Rip Current

Woods Hole Oceanographic Institute – Oceanus

None of the tools in the toolbox are working. The four-mile walk didn’t clear the rumbly rumbles from your head. Meditation failed to take it down a notch. There isn’t a song to lift you out of it. Everything your generous, well-meaning friend suggests is wrong.  And there isn’t a Tiffany’s nearby to quell the mean reds. The more you resist and fight, the stronger the undertow seems to get.

Rip currents can be deceiving because the water looks calm, but it’s very dangerous. If you get caught in one, you are advised not to struggle against it, despite the panicky impulse to do so.  Instead, turn sideways and swim out of it, and if you can’t do that, float or tread water. A rip current loses energy and dissipates as it moves out past the breakers.

Walking past the bus stop, a young woman speaking Spanish, a language you should have doubled down and learned by now, asks for your help. She is asking you, you think, when the bus is coming. Somehow, between her miming and limited English and your limited Spanish, you cobble together that she wants to go to Burlington Coat Factory to buy her husband socks and shorts and a hat for Father’s Day with the gift certificate she pulls out of her purse to show you. You guess that certificate was a gift to her, but instead she is using it to buy a gift for her husband. You come to understand that he usually gives her a ride—to work, to the store, to wherever she needs to go—but today, this is for a surprise for him. In the end, you still can’t answer her question and manage to say, “I’m sorry” in Spanish. 
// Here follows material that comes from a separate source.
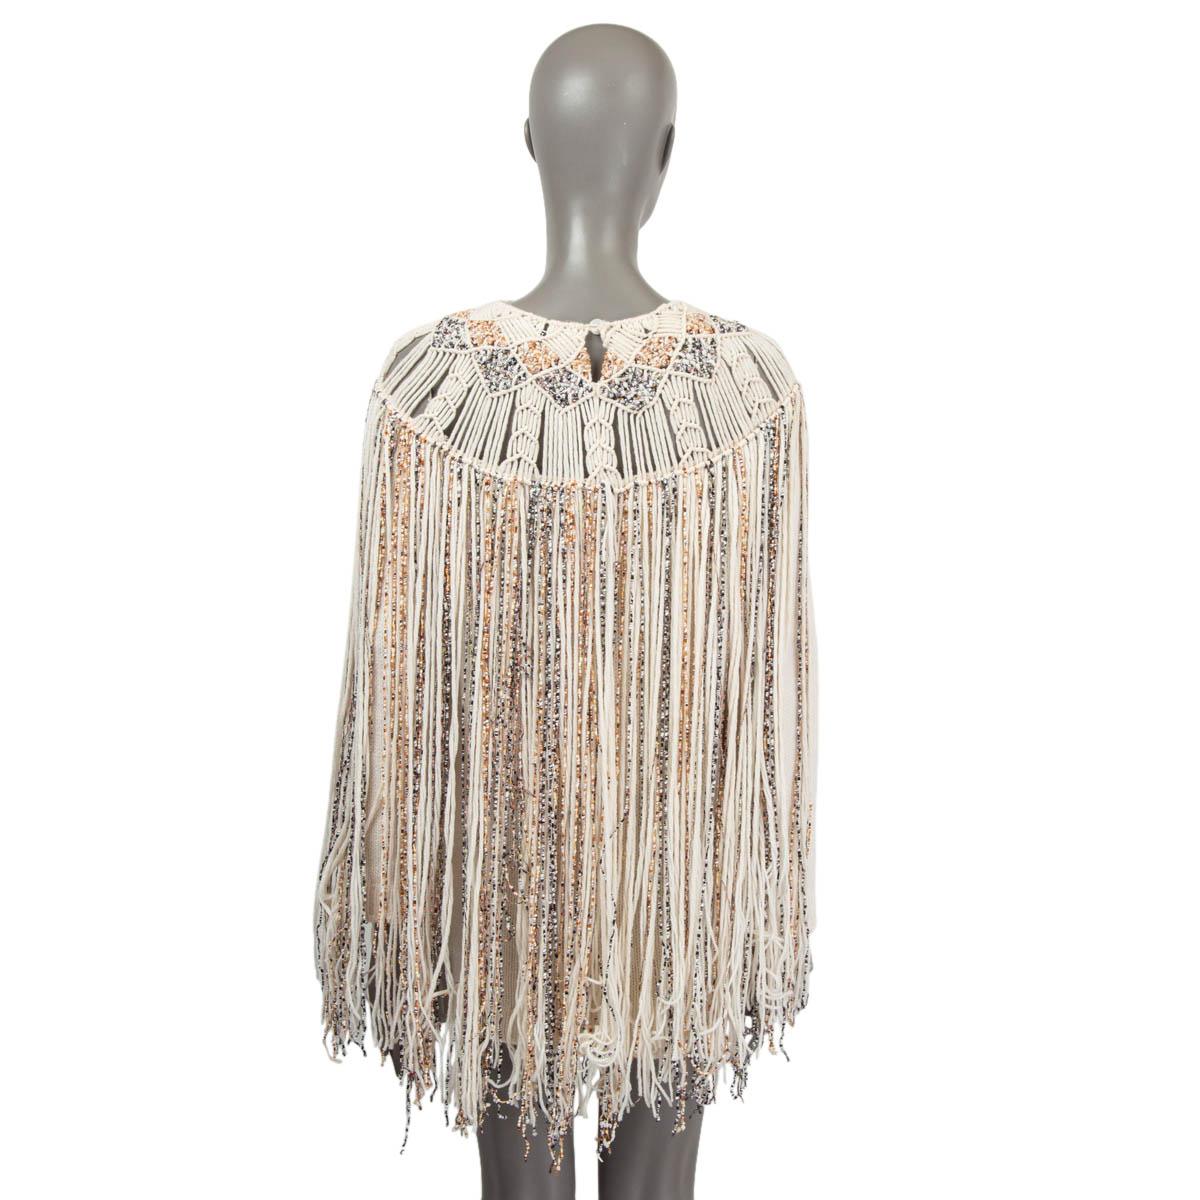 CHRISTIAN DIOR off-white cashmere 2018 FRINGED KNIT Dress 38 S 2

You would like to go home and get your car and come back and give her a ride, but you’re still a mile from home and you aren’t sure how to communicate this plan. You go into the bank and when you get out, you see her further down the sidewalk talking to two gentlemen. She turns and sees you, waves and smiles, “It’s okay.”  

Walking home, you realize the mean reds have retreated. You just turned sideways and swam out of a rip current.